• Assignment: Without the pictures, copy all of the data exactly.

• Given information:
=== Begin Enclosure ===

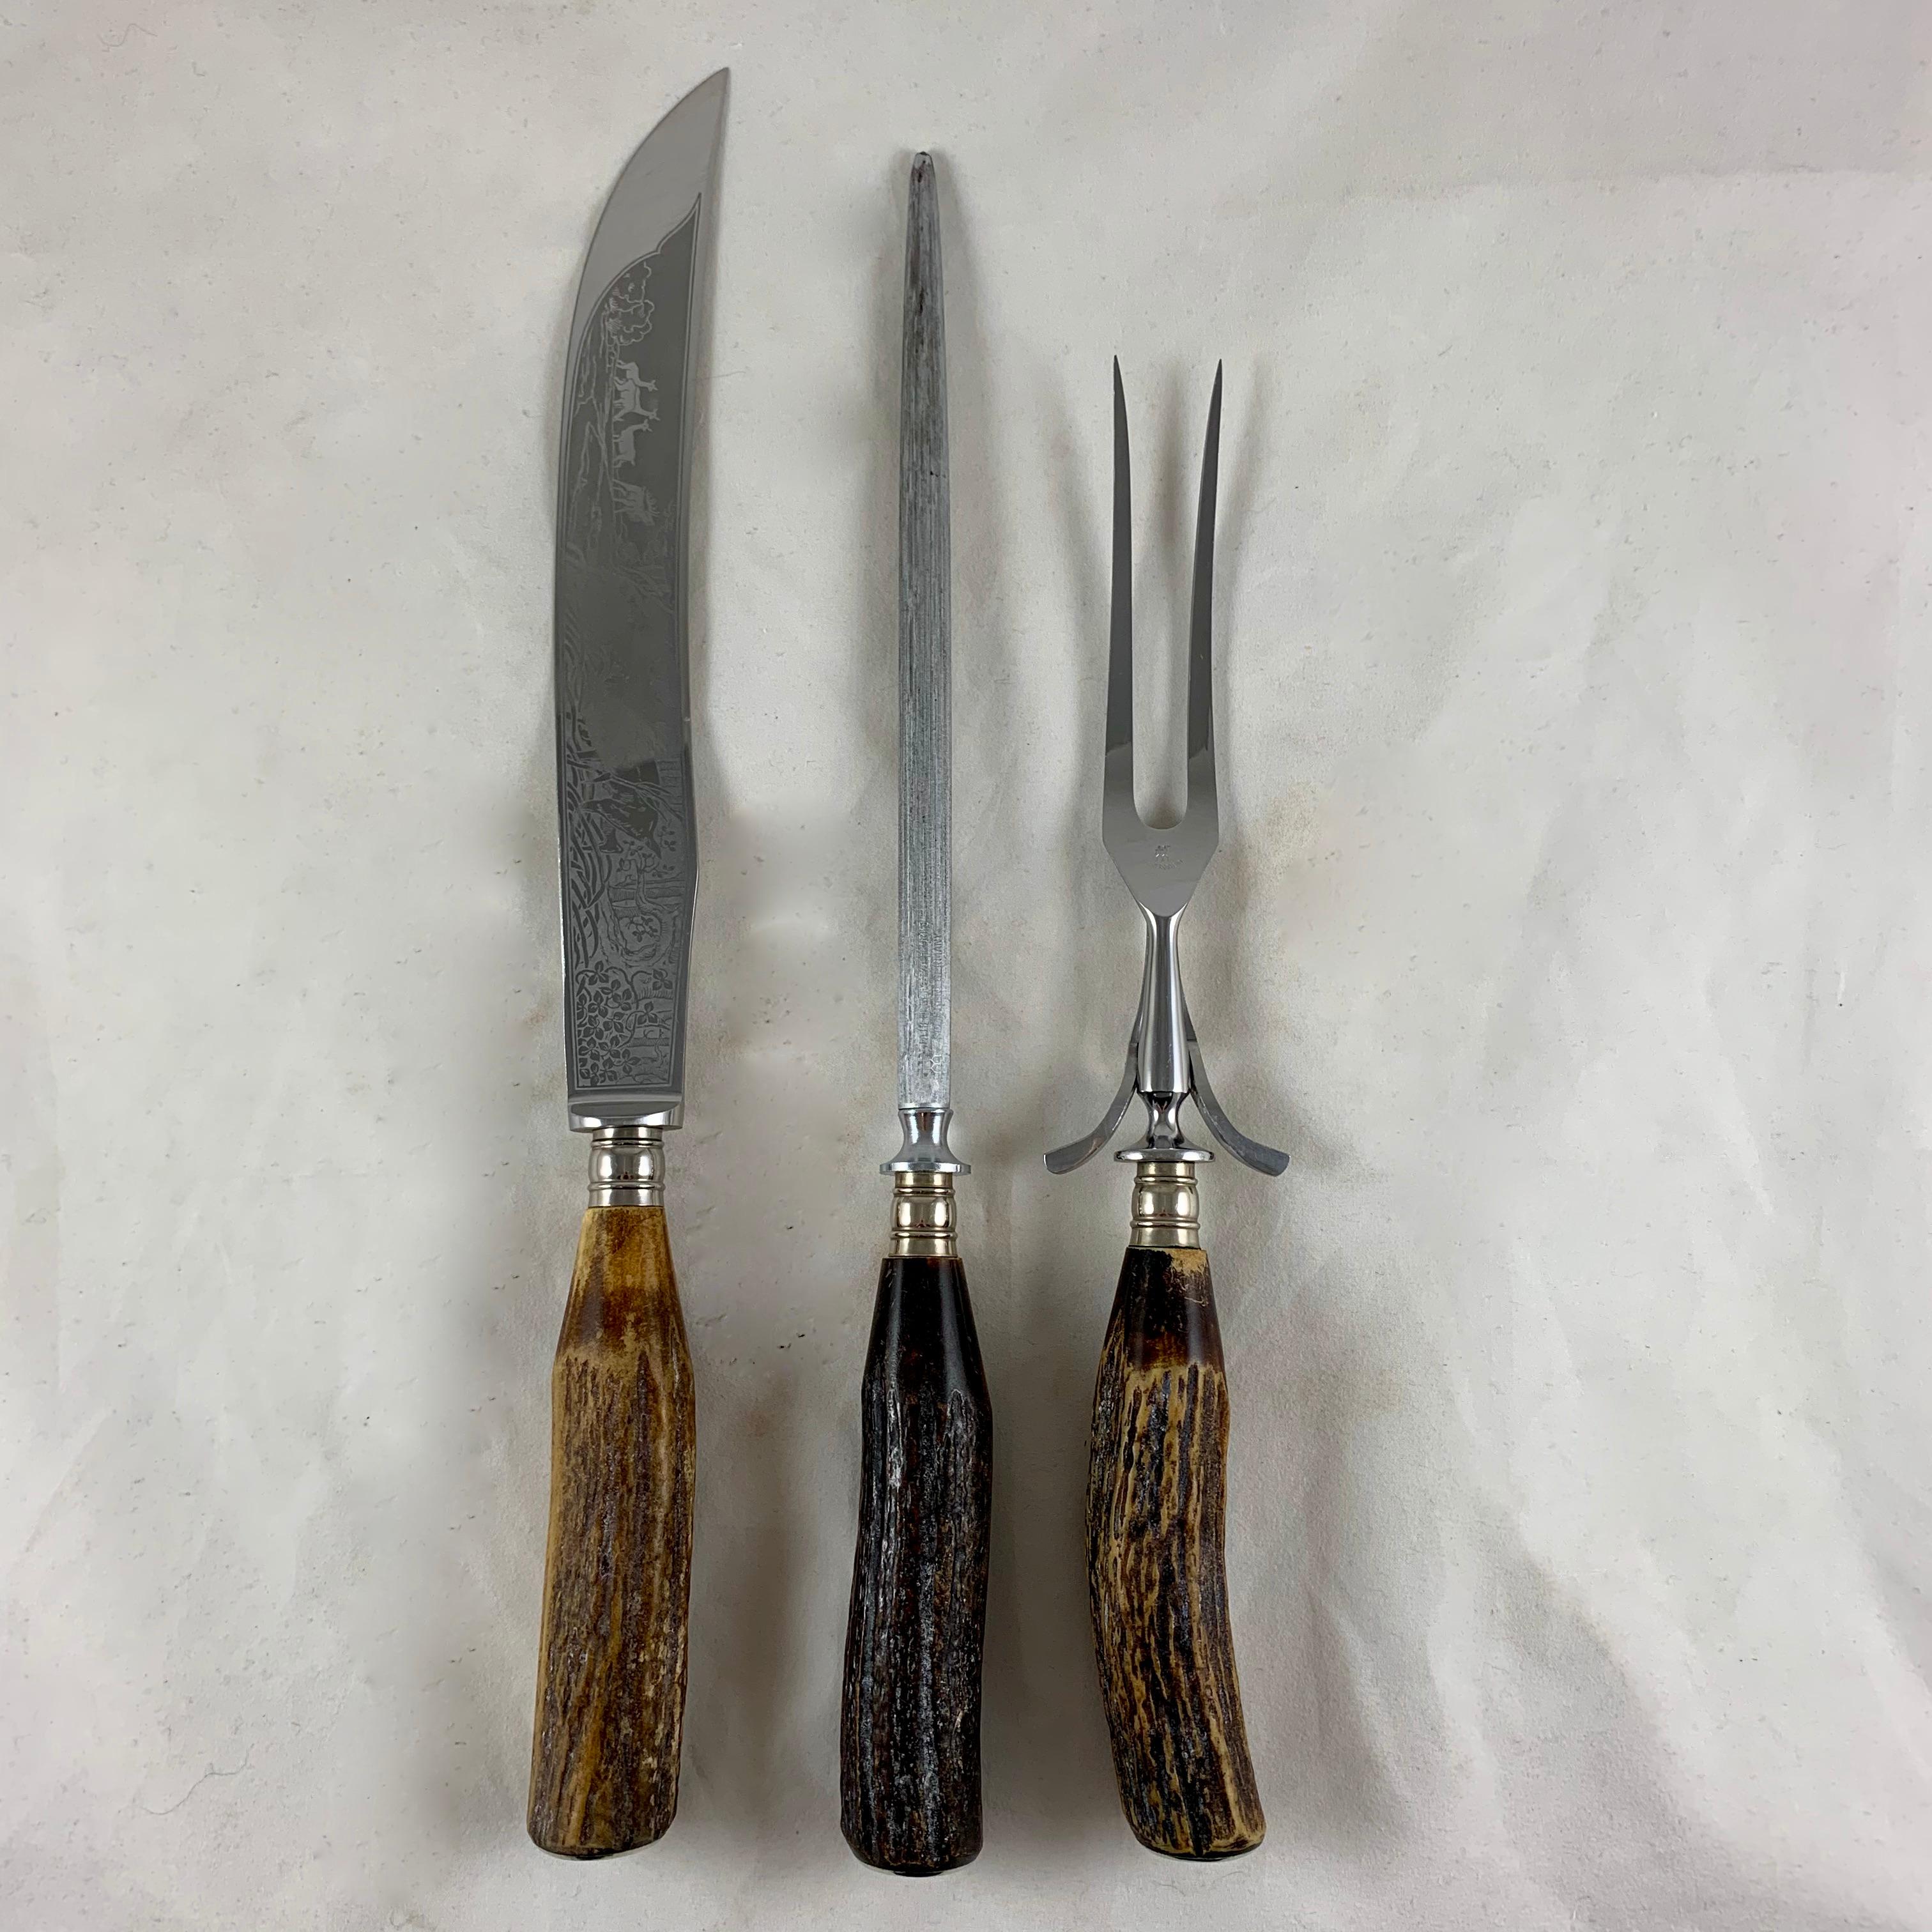 A vintage boxed carving set from Henkels Zwillingswerk, circa 1960s-1970s.
A carving knife, fork, and sharpening steel made with naturally shed Roe Buck Stag Horn handles and Friodur Soligen steel. The blade is etched with a scene showing a
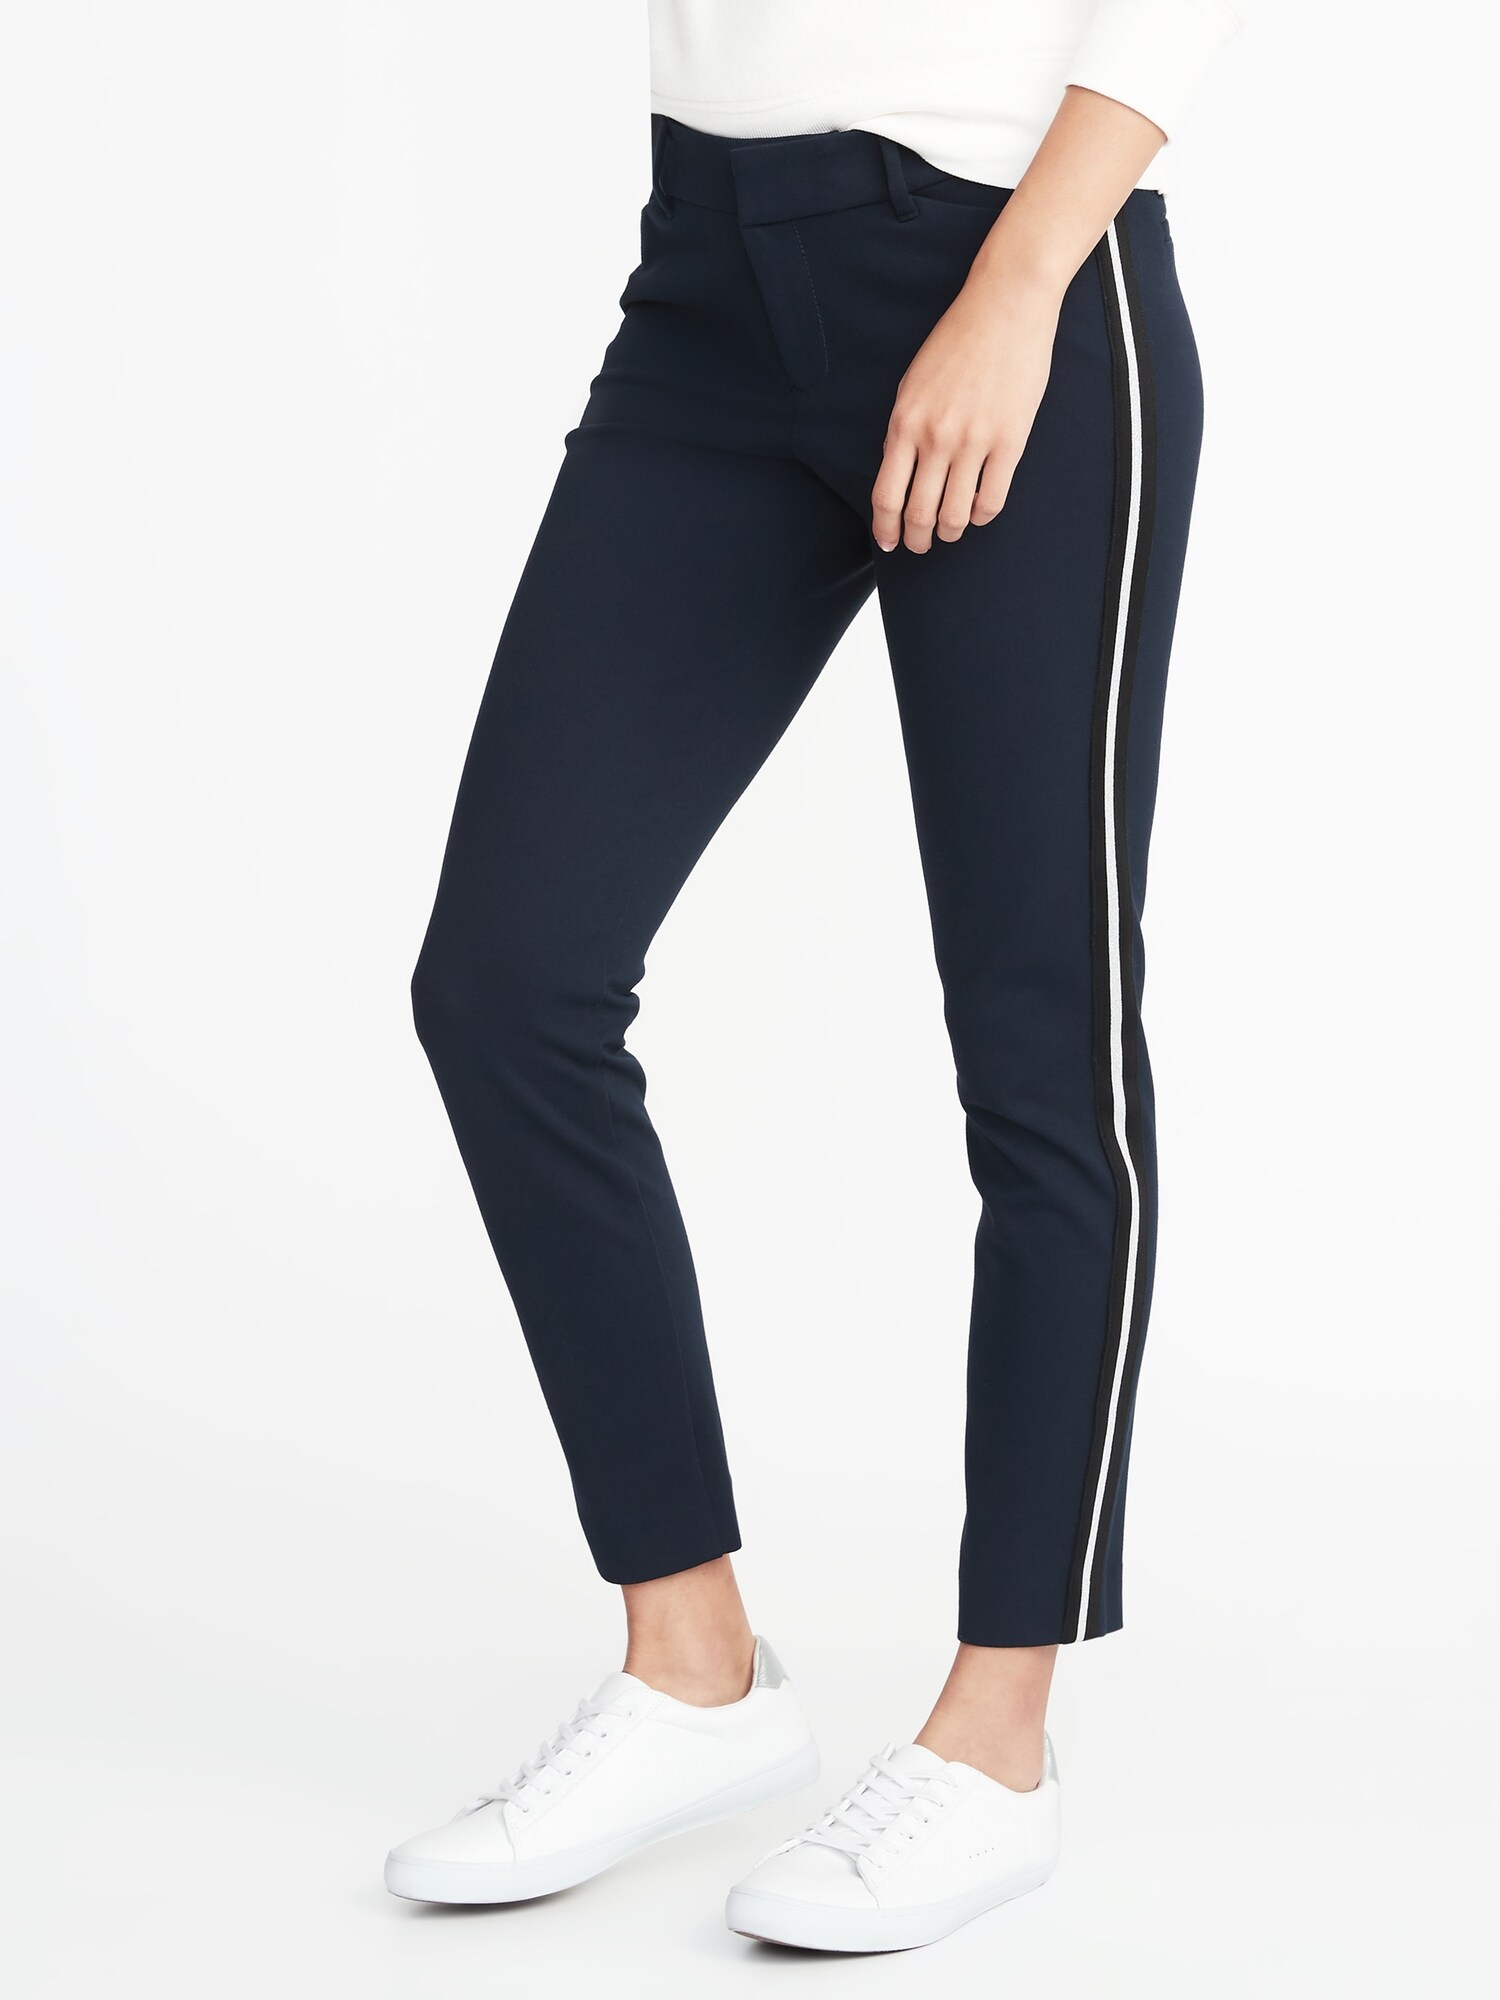 The Pixie Mid-Rise Ankle Pants, Old Navy

=== End Enclosure ===

• Result:
 A vintage boxed carving set from Henkels Zwillingswerk, circa 1960s-1970s.
A carving knife, fork, and sharpening steel made with naturally shed Roe Buck Stag Horn handles and Friodur Soligen steel. The blade is etched with a scene showing a
 The Pixie Mid-Rise Ankle Pants, Old Navy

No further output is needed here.